AI-rewrites the medical criteria so a patient or caregiver can understand them. Always confirm with the trial site.
Inclusion Criteria:
* HIV-infected subjects with HIV lipodystrophy (HIVLD)
* Abdominal fat accumulation defined as: Waist Circumference (WC) 102 cm for men, 88 cm for women, except in subjects of East/South Asian ethnicity in whom this will be defined by WC 90 cm for men and 80 cm for women.
* Weight stable for 8 weeks prior to enrollment,
* CD4 count \>100 cells/mm3
* HIV RNA load \<1000 copies/mL
* Fasting plasma glucose \<120 mg/dL
* Stable combination anti-retroviral therapy (cART) of any regimen for ≥ 8 weeks prior to study enrollment
Exclusion Criteria:
* Diabetes mellitus requiring medication
* History of any malignancy
* Abnormal renal or liver function
* Pregnancy or women of childbearing age who are not using an acceptable means of contraception
* History disorder of the hypothalamic-pituitary axis due to hypophysectomy, hypopituitarism or pituitary tumor/surgery
* Head irradiation or head trauma or adrenal insufficiency
* Systemic glucocorticoid use
* Known hypersensitivity to tesamorelin and/or mannitol
Questions worth asking your doctor
Bring these to your next appointment.
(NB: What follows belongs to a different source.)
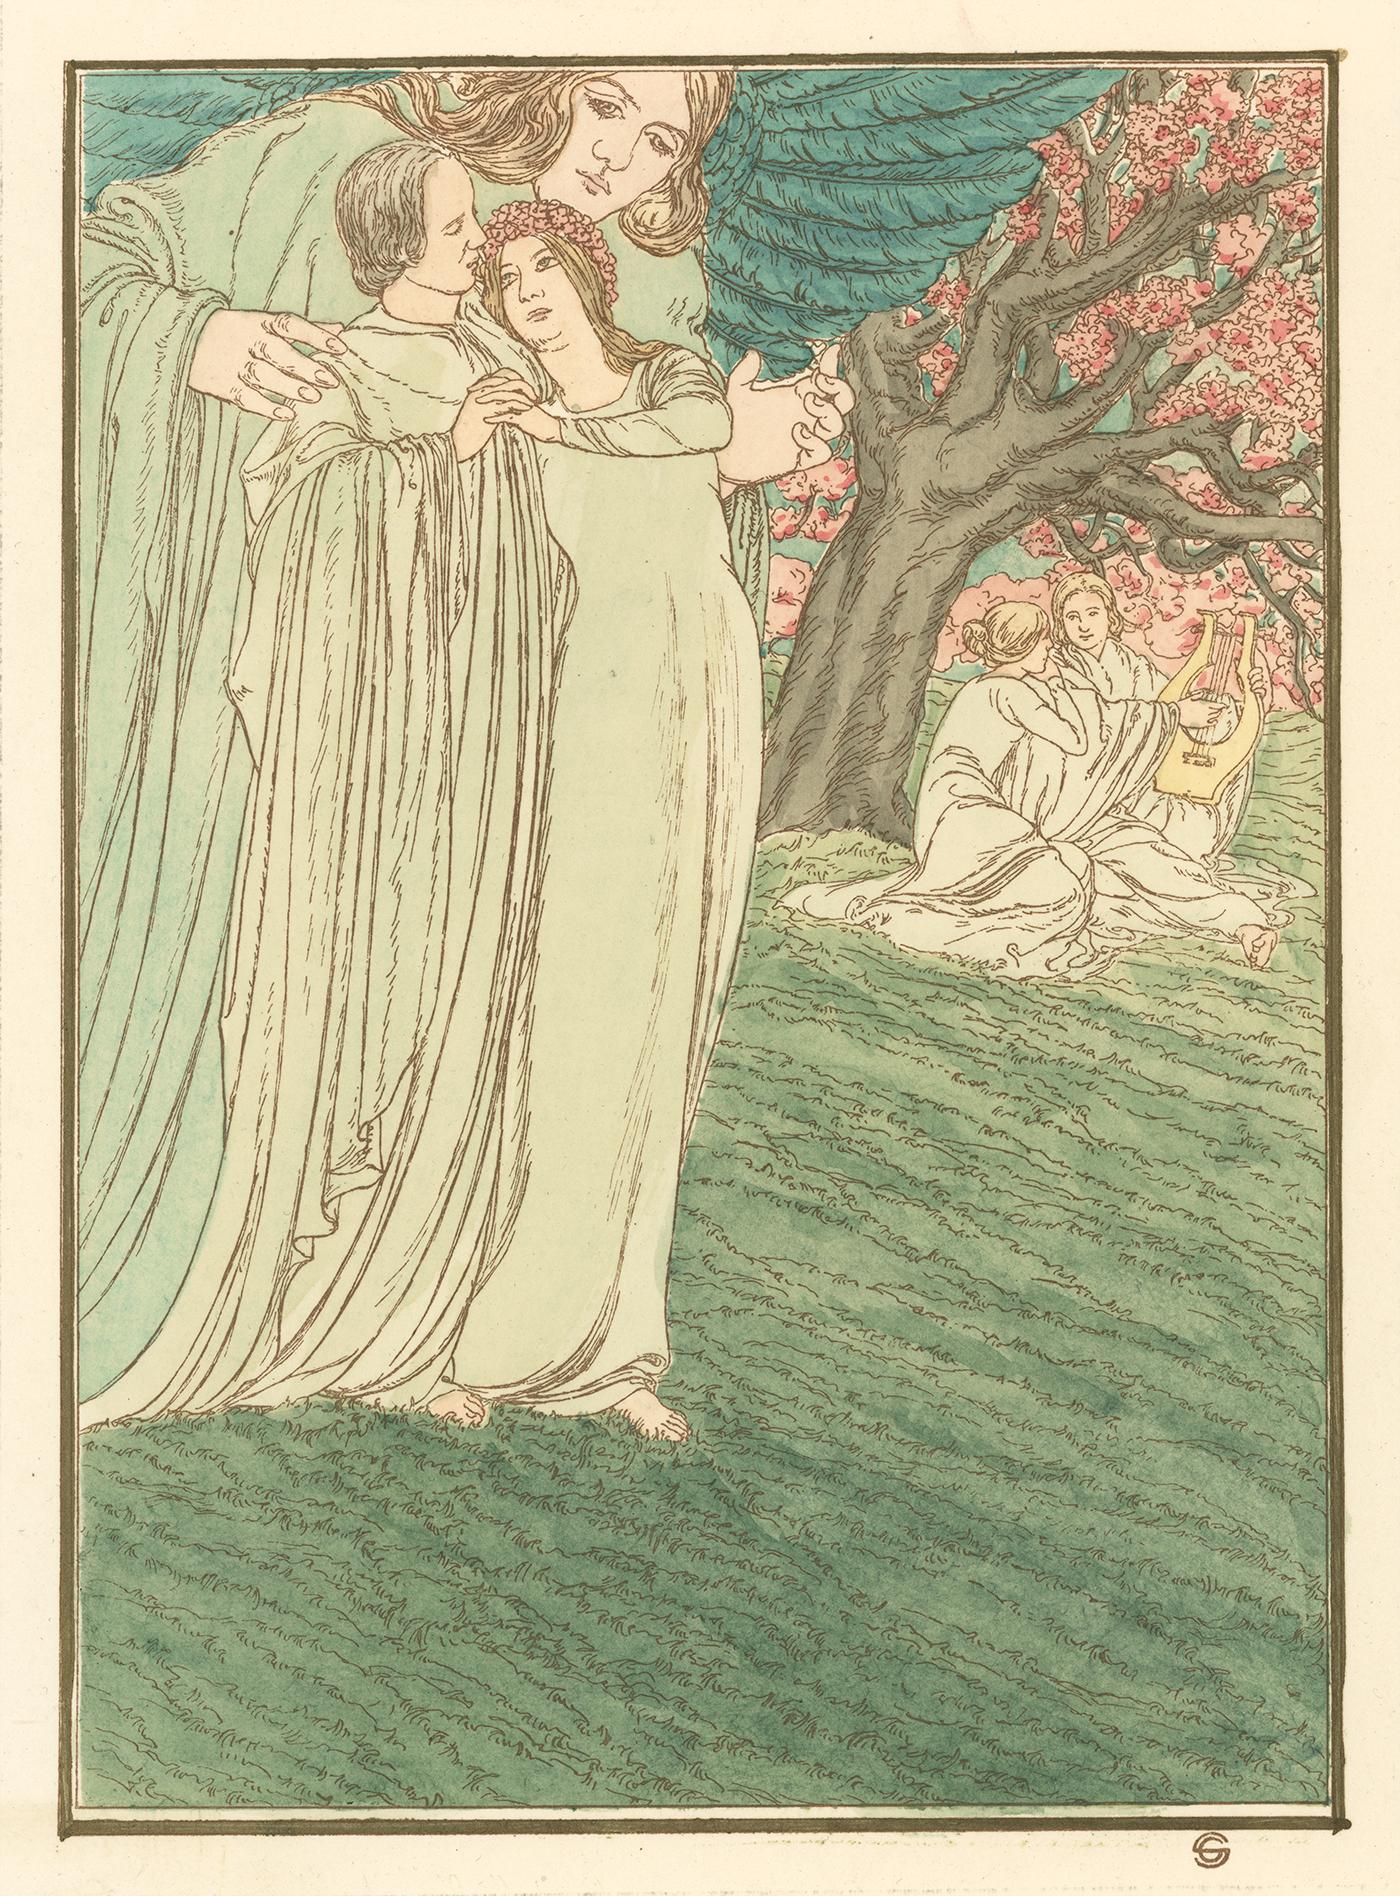 Illustration for Hésperus by Carlos Schwabe, Symbolist fantasy aquarelle, 1904

They're a starting point for a shared conversation — not a sign you qualify or a recommendation to enrol.
1Based on my diagnosis and history, is this trial worth exploring for me — or is there a standard treatment we should try first?
2What does this trial's phase tell us about how much is already known about its safety and benefit?
3What would taking part actually involve for me — visits, tests, time, and travel?
4What are the known and possible risks or side effects I should weigh, and how would they be monitored?
5If this trial isn't the right fit, what other options or trials would you suggest I look into?
Generated to help you prepare — always confirm anything about your own eligibility and care with the study team and your doctor.
Questions for the trial coordinator
The trial coordinator is the person who runs the study day to day. These cover the practical side — logistics, costs, and what taking part would actually mean for your life. The study team confirms whether you meet the criteria; these are questions to ask, not a sign you qualify.
1What does taking part actually involve week to week — how many visits, where, and how long does each one take?
2What costs are covered by the study, and what might I have to pay for myself, including travel, parking, or time off work?
3What happens during screening, and what happens if the study team confirms I don't meet the criteria after those tests?
4Who pays for the scans, blood work, and other tests the trial requires — the study, my insurance, or me?
5How will being in the trial affect my regular care, and will my own doctor stay informed and involved?
6Can I leave the trial at any point if I change my mind, and what would happen to my care if I do?
A starting point for the conversation — always confirm anything about your own eligibility, costs, and care with the study team and your doctor.